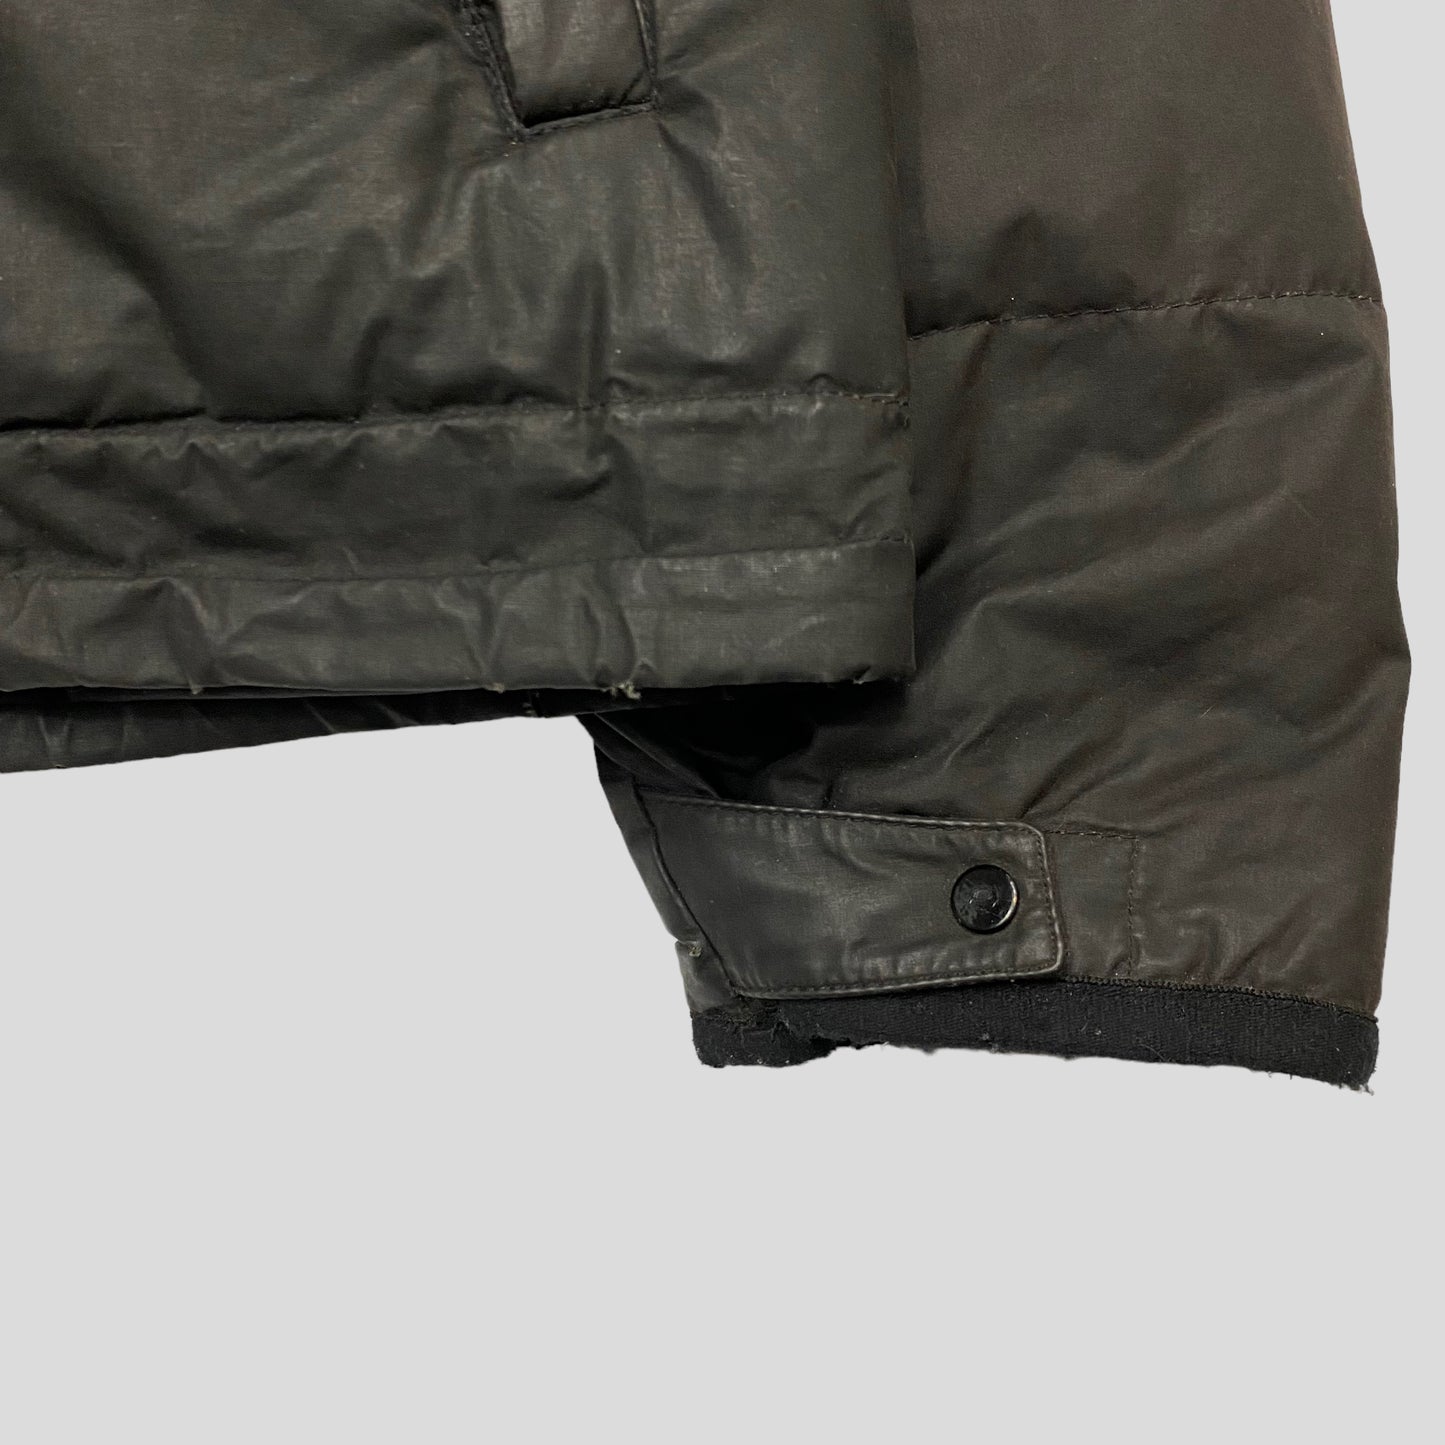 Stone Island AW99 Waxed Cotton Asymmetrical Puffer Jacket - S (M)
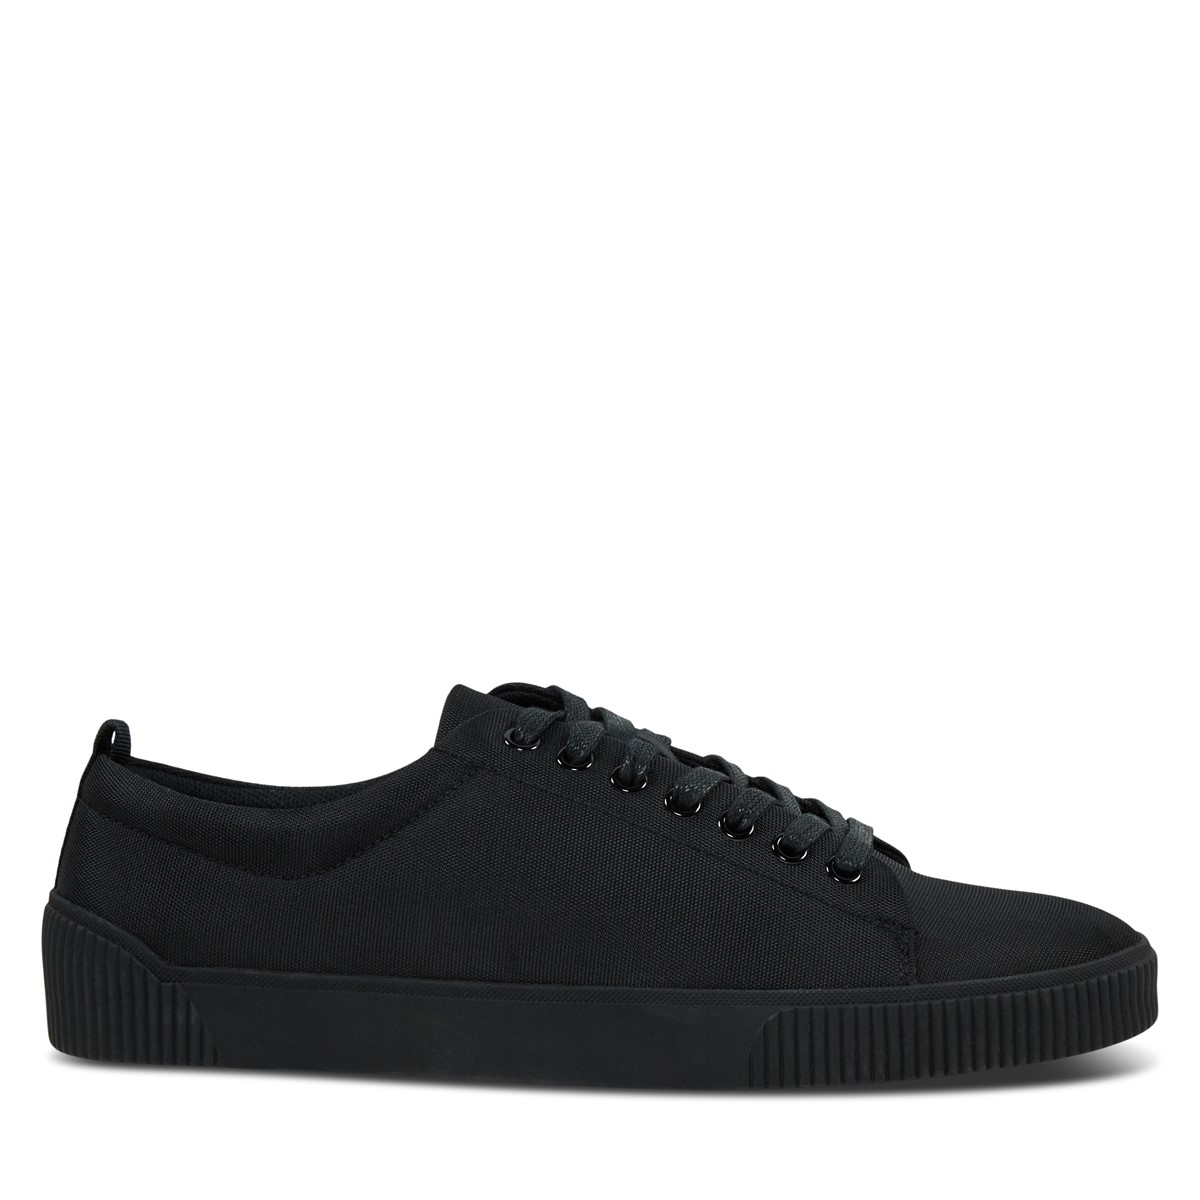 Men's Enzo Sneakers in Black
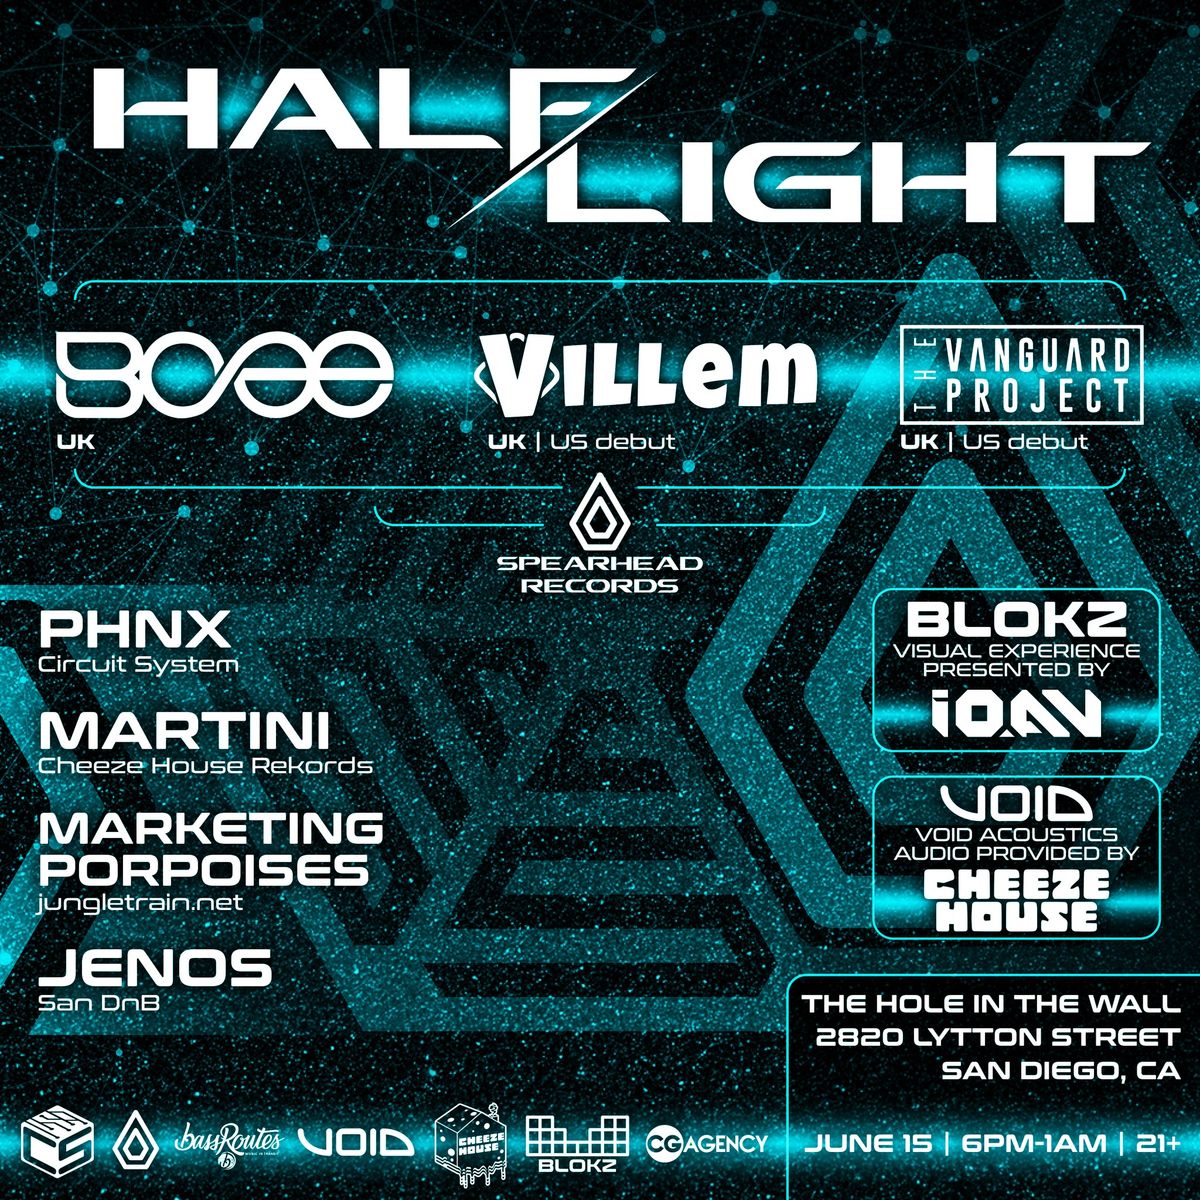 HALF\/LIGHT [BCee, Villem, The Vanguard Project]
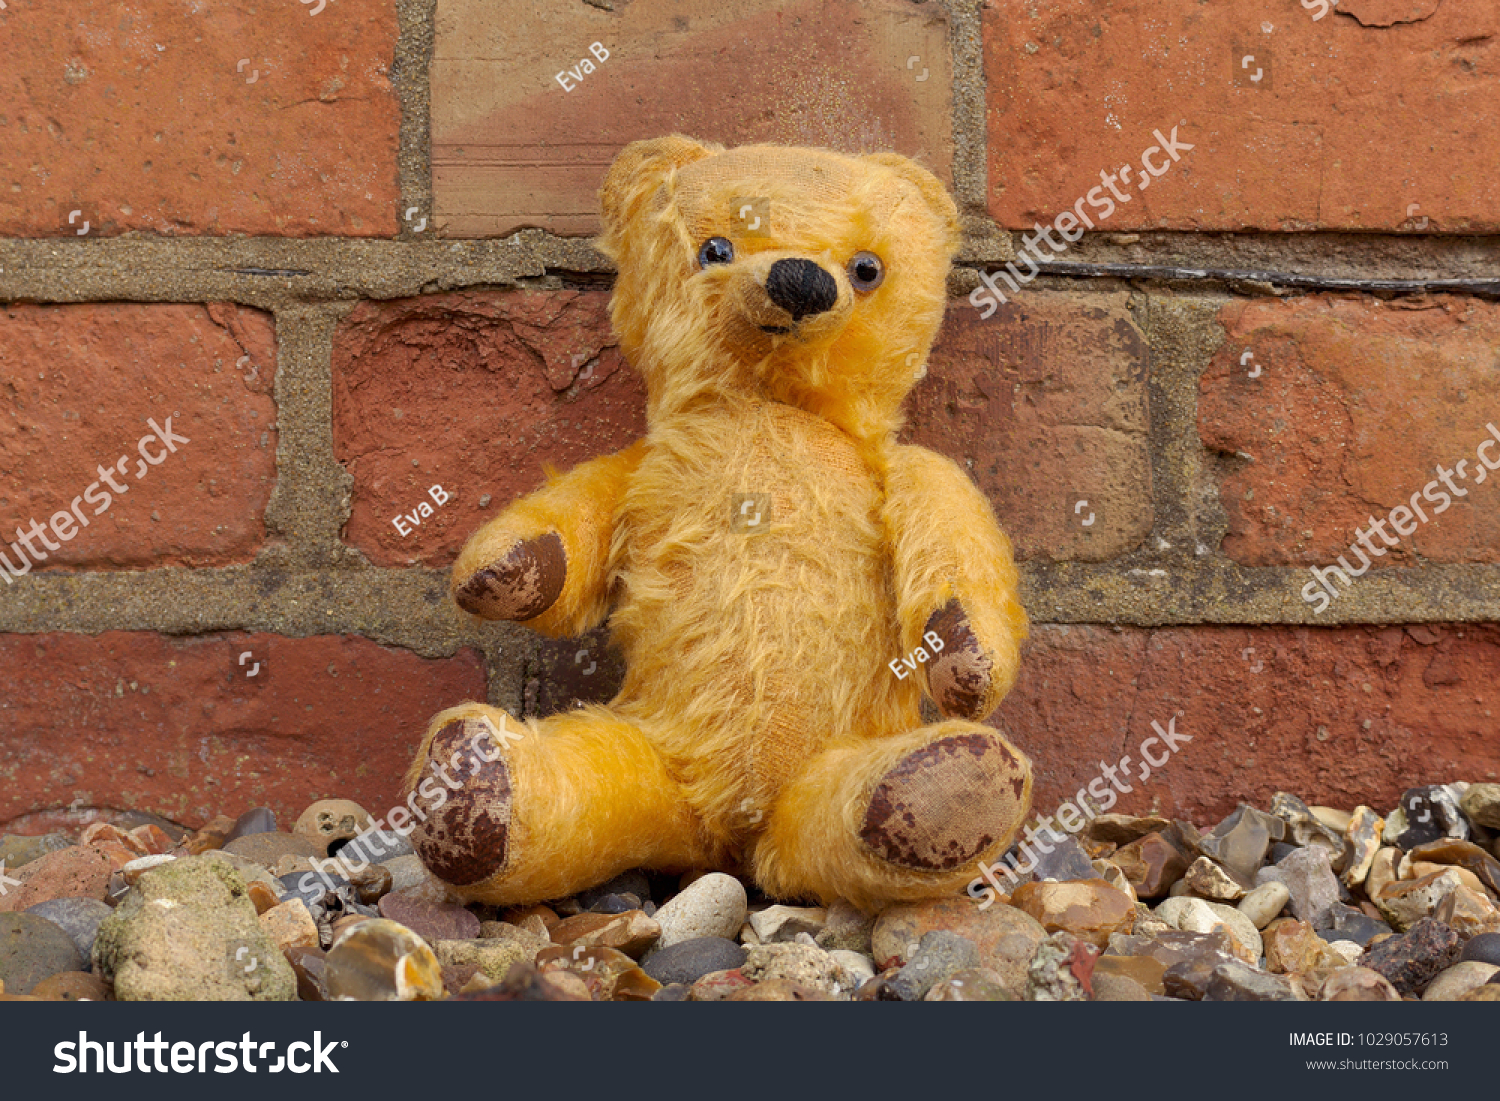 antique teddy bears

* Instructions for the task
Go through the data above and transcribe it in full, omitting any image.

* Output for this exercise
 Stone Island AW99 Waxed Cotton Asymmetrical Puffer Jacket - S (M)
 Men's Enzo Sneakers in Black
 HALF\/LIGHT [BCee, Villem, The Vanguard Project]
 antique teddy bears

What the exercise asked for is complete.